It seems to me that it's not just |spec| of nsIURI but also |originCharset| (bug 127282) that is handled a bit inconsistently. Alternatively, I could say that it's not always set per my interpretation of nsIURI spec. http://lxr.mozilla.org/mozilla/source/netwerk/base/public/nsIURI.idl#222 According to my interpretation, it should _always_ (i.e. even after it's converted to UTF-8 and url-escaped) be the charset of a document where nsIURI comes from. However, often times it's just left empty. This happens when NS_NewURI is invoked without originCharset or when nsIURIFixup->createFixupURI is used to create a nsIURI. http://lxr.mozilla.org/seamonkey/source/docshell/base/nsIURIFixup.idl#69 nsIURIFixup may need a new method createFixupURIwithCharset. One of my patches (not uploaded) to bug 199237 does that, but I didn't take that path for bug 199237 because I found a simpler way to fix the bug. In addition, we may also have to add a new method loadURIwithCharsetto nsIWebNavigation (or modify loadURI to have a new parameter) because that's the primary path taken in xpfe to load a URI (see my obsolete patch to bug 199237, attachment 126982 [details] [diff] [review]) Related to this is bug 205682. nsIURI is now frozen so that it is probably too late.... It might have been better if we had two additional attributes in nsIURI interface, rawSpec (nsACString) and converted(boolean). |rawspec| stores URI specs (const nsACstring of unknown/unspecified charset) that we get from remote documents to which no further processing is applied (i.e. neither url-escaping and nor charset conversion is applied ).

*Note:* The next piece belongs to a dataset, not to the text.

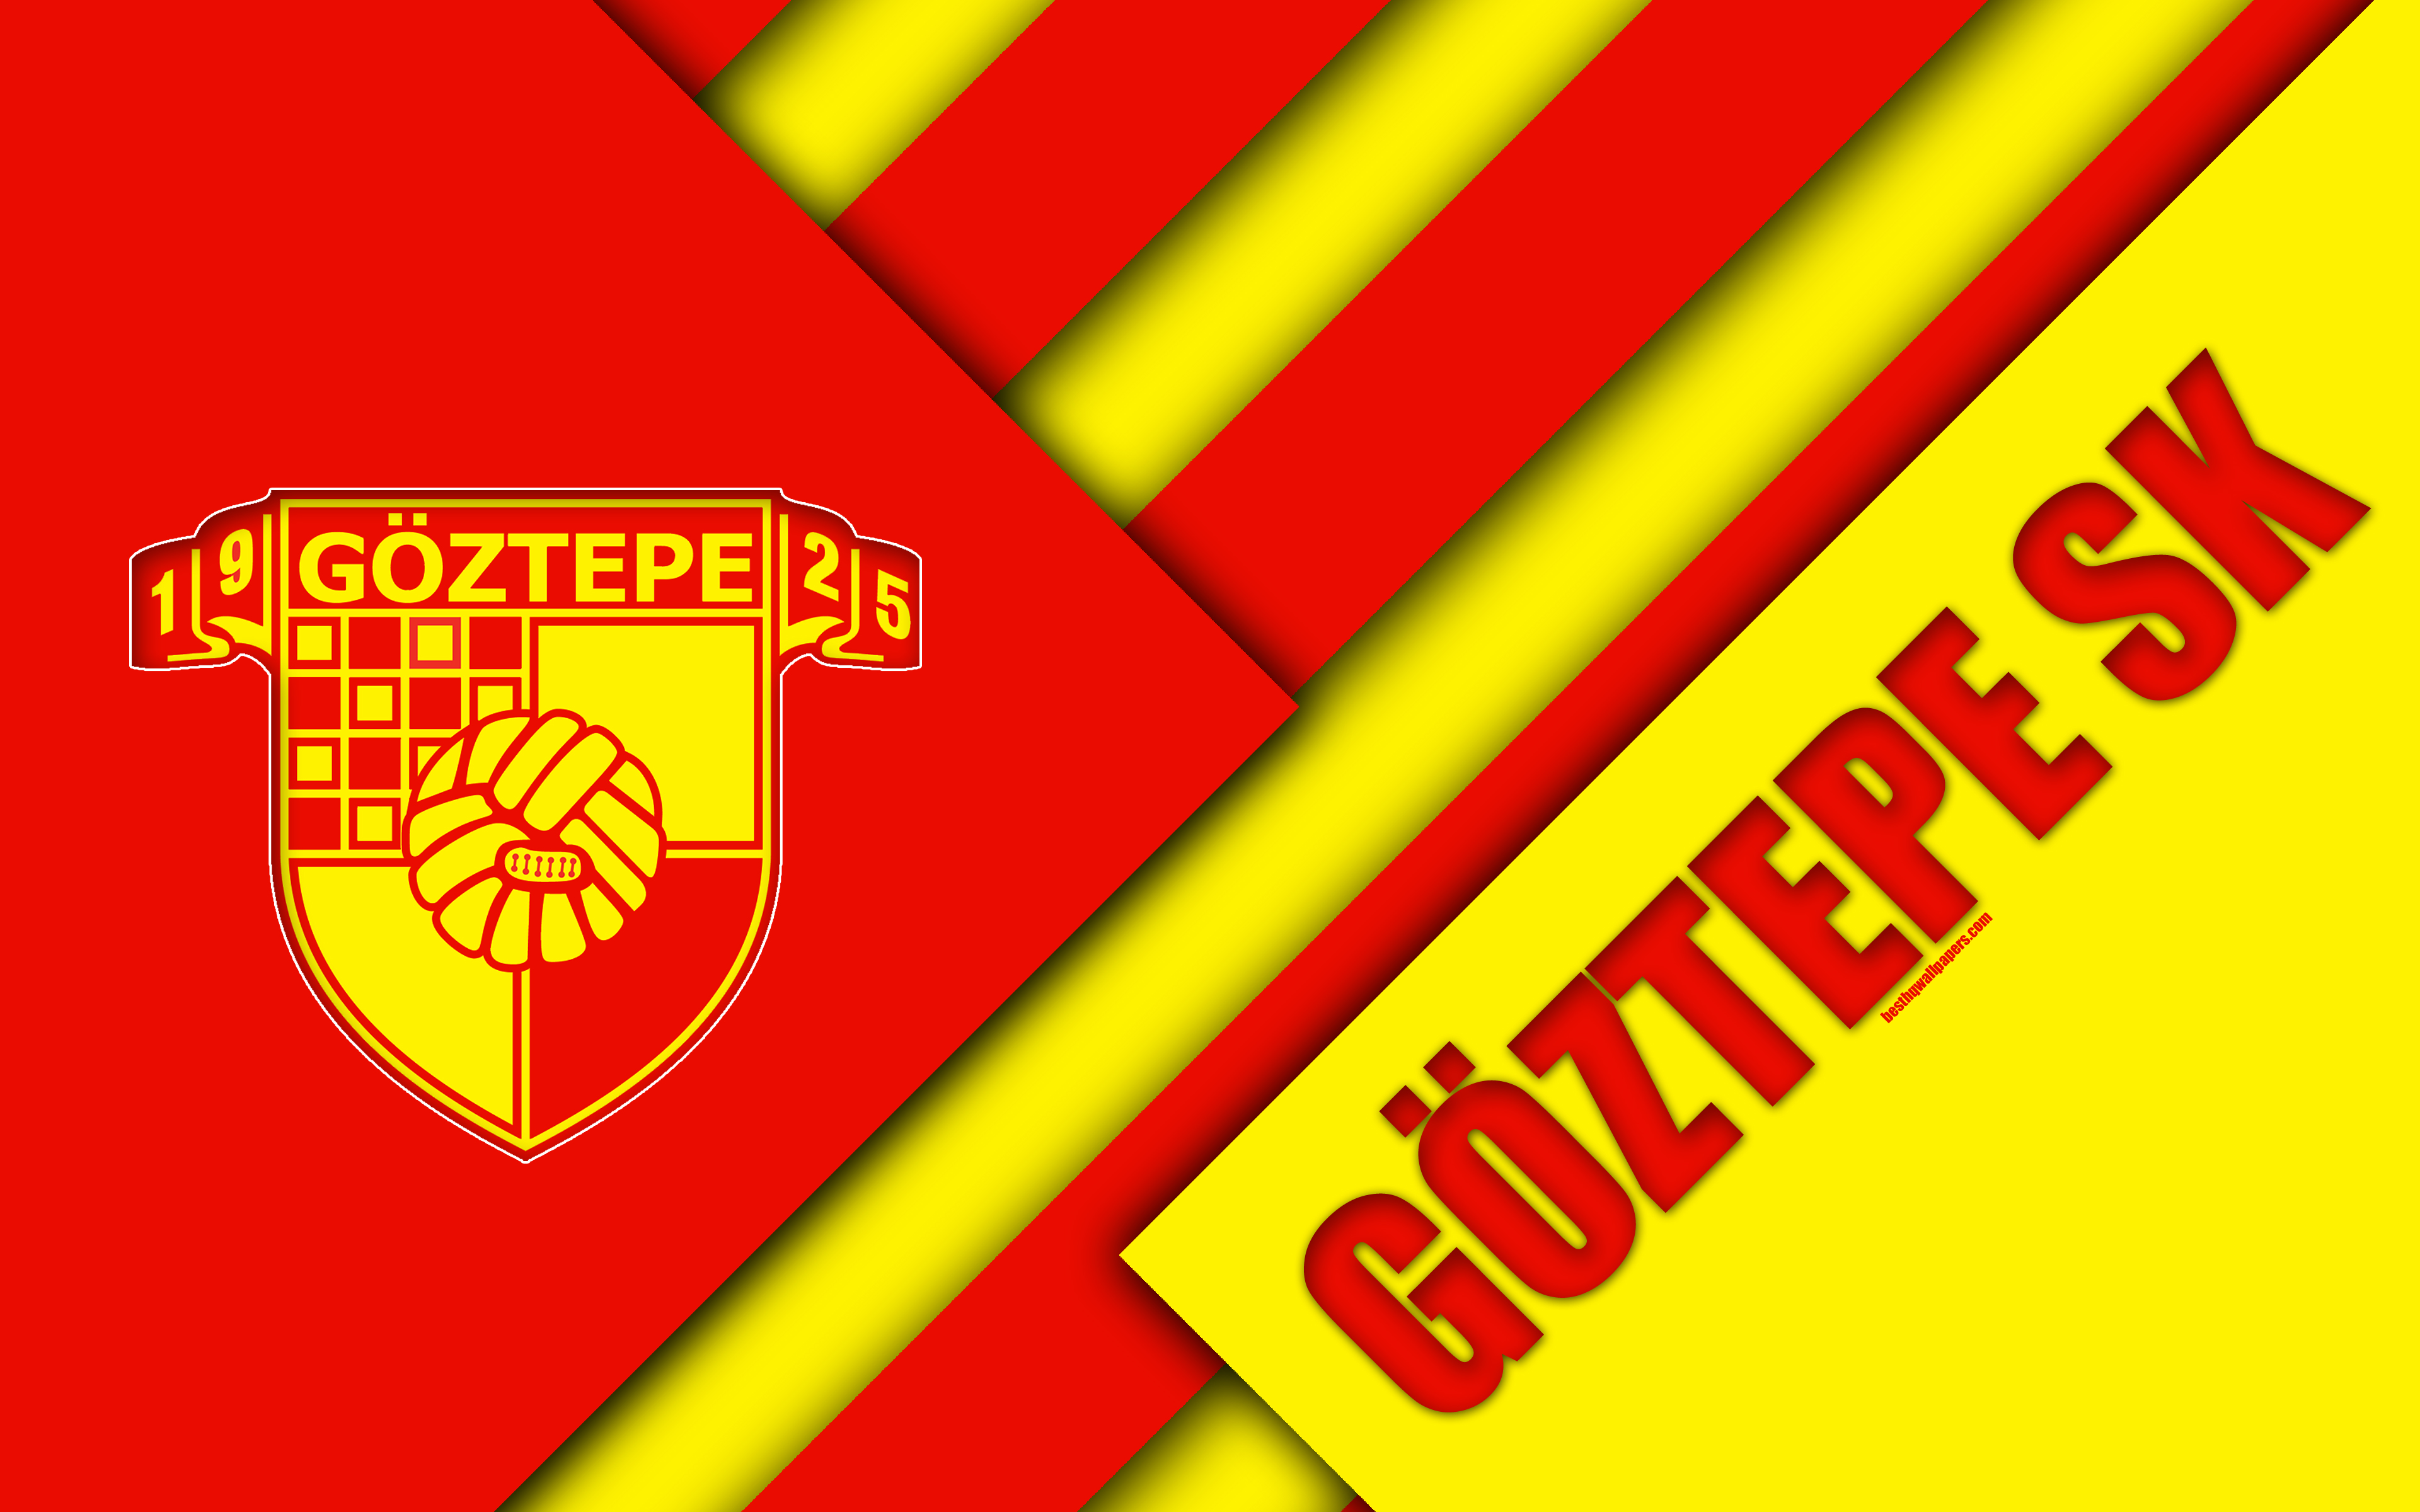 Download wallpaper Göztepe SK, emblem, 4k, material design, logo

When we make a request to a remote server (especially the same server as this uri is obtained in the first place : see bug 205682 and bug 127282 comment #33 and bug 127282 comment #73), we try this first before |spec|. The assumption is that |spec| is lazilly filled up after converting to UTF-8 and url-escaping (if necessary) _on demand_ when |converted| is also set to T. We may do without |converted| by making empty |spec| mean 'not yet converted', but overloading an attribute that way appears not to work always.
OS: SunOS → All
Hardware: Sun → All
> This happens when NS_NewURI is invoked without originCharset Any time this happens when the resulting nsIURI is expected to be used anywhere outside mozilla internals, that's a bug.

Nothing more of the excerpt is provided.